Problem requirements: For this exercise, transcribe the records below without changing a word.

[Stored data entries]
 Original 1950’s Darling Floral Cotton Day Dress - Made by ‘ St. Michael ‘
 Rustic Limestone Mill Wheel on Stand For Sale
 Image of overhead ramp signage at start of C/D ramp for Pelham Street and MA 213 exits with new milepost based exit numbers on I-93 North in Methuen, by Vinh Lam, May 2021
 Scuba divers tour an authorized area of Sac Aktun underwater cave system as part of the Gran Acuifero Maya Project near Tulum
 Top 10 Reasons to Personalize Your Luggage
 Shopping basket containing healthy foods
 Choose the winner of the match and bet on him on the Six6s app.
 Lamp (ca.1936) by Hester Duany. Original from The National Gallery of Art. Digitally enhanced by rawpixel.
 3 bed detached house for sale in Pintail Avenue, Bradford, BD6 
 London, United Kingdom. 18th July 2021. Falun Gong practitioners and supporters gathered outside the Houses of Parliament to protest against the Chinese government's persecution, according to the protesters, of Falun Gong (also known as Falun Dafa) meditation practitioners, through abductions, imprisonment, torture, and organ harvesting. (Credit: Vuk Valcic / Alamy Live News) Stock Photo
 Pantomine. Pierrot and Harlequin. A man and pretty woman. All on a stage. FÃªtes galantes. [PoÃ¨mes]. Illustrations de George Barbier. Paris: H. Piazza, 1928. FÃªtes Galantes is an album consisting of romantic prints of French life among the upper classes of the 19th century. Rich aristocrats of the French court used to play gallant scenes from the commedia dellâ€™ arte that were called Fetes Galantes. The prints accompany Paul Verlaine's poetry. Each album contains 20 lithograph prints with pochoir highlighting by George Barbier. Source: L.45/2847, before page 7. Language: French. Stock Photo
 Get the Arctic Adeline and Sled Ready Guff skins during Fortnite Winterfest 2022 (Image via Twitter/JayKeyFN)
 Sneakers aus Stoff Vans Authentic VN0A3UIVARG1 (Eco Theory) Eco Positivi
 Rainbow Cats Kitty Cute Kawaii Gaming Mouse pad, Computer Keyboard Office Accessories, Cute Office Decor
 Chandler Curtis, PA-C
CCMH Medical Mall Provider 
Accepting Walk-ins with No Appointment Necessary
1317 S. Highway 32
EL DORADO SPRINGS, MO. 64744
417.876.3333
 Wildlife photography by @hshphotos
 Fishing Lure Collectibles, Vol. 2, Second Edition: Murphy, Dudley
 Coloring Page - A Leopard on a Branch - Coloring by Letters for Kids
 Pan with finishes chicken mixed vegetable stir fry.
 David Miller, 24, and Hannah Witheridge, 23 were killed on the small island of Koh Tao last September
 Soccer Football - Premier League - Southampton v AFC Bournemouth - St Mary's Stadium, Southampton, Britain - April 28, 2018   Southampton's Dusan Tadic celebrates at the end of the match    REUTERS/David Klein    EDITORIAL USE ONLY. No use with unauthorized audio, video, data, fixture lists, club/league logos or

Task result:
 Original 1950’s Darling Floral Cotton Day Dress - Made by ‘ St. Michael ‘
 Rustic Limestone Mill Wheel on Stand For Sale
 Image of overhead ramp signage at start of C/D ramp for Pelham Street and MA 213 exits with new milepost based exit numbers on I-93 North in Methuen, by Vinh Lam, May 2021
 Scuba divers tour an authorized area of Sac Aktun underwater cave system as part of the Gran Acuifero Maya Project near Tulum
 Top 10 Reasons to Personalize Your Luggage
 Shopping basket containing healthy foods
 Choose the winner of the match and bet on him on the Six6s app.
 Lamp (ca.1936) by Hester Duany. Original from The National Gallery of Art. Digitally enhanced by rawpixel.
 3 bed detached house for sale in Pintail Avenue, Bradford, BD6 
 London, United Kingdom. 18th July 2021. Falun Gong practitioners and supporters gathered outside the Houses of Parliament to protest against the Chinese government's persecution, according to the protesters, of Falun Gong (also known as Falun Dafa) meditation practitioners, through abductions, imprisonment, torture, and organ harvesting. (Credit: Vuk Valcic / Alamy Live News) Stock Photo
 Pantomine. Pierrot and Harlequin. A man and pretty woman. All on a stage. FÃªtes galantes. [PoÃ¨mes]. Illustrations de George Barbier. Paris: H. Piazza, 1928. FÃªtes Galantes is an album consisting of romantic prints of French life among the upper classes of the 19th century. Rich aristocrats of the French court used to play gallant scenes from the commedia dellâ€™ arte that were called Fetes Galantes. The prints accompany Paul Verlaine's poetry. Each album contains 20 lithograph prints with pochoir highlighting by George Barbier. Source: L.45/2847, before page 7. Language: French. Stock Photo
 Get the Arctic Adeline and Sled Ready Guff skins during Fortnite Winterfest 2022 (Image via Twitter/JayKeyFN)
 Sneakers aus Stoff Vans Authentic VN0A3UIVARG1 (Eco Theory) Eco Positivi
 Rainbow Cats Kitty Cute Kawaii Gaming Mouse pad, Computer Keyboard Office Accessories, Cute Office Decor
 Chandler Curtis, PA-C
CCMH Medical Mall Provider 
Accepting Walk-ins with No Appointment Necessary
1317 S. Highway 32
EL DORADO SPRINGS, MO. 64744
417.876.3333
 Wildlife photography by @hshphotos
 Fishing Lure Collectibles, Vol. 2, Second Edition: Murphy, Dudley
 Coloring Page - A Leopard on a Branch - Coloring by Letters for Kids
 Pan with finishes chicken mixed vegetable stir fry.
 David Miller, 24, and Hannah Witheridge, 23 were killed on the small island of Koh Tao last September
 Soccer Football - Premier League - Southampton v AFC Bournemouth - St Mary's Stadium, Southampton, Britain - April 28, 2018   Southampton's Dusan Tadic celebrates at the end of the match    REUTERS/David Klein    EDITORIAL USE ONLY. No use with unauthorized audio, video, data, fixture lists, club/league logos or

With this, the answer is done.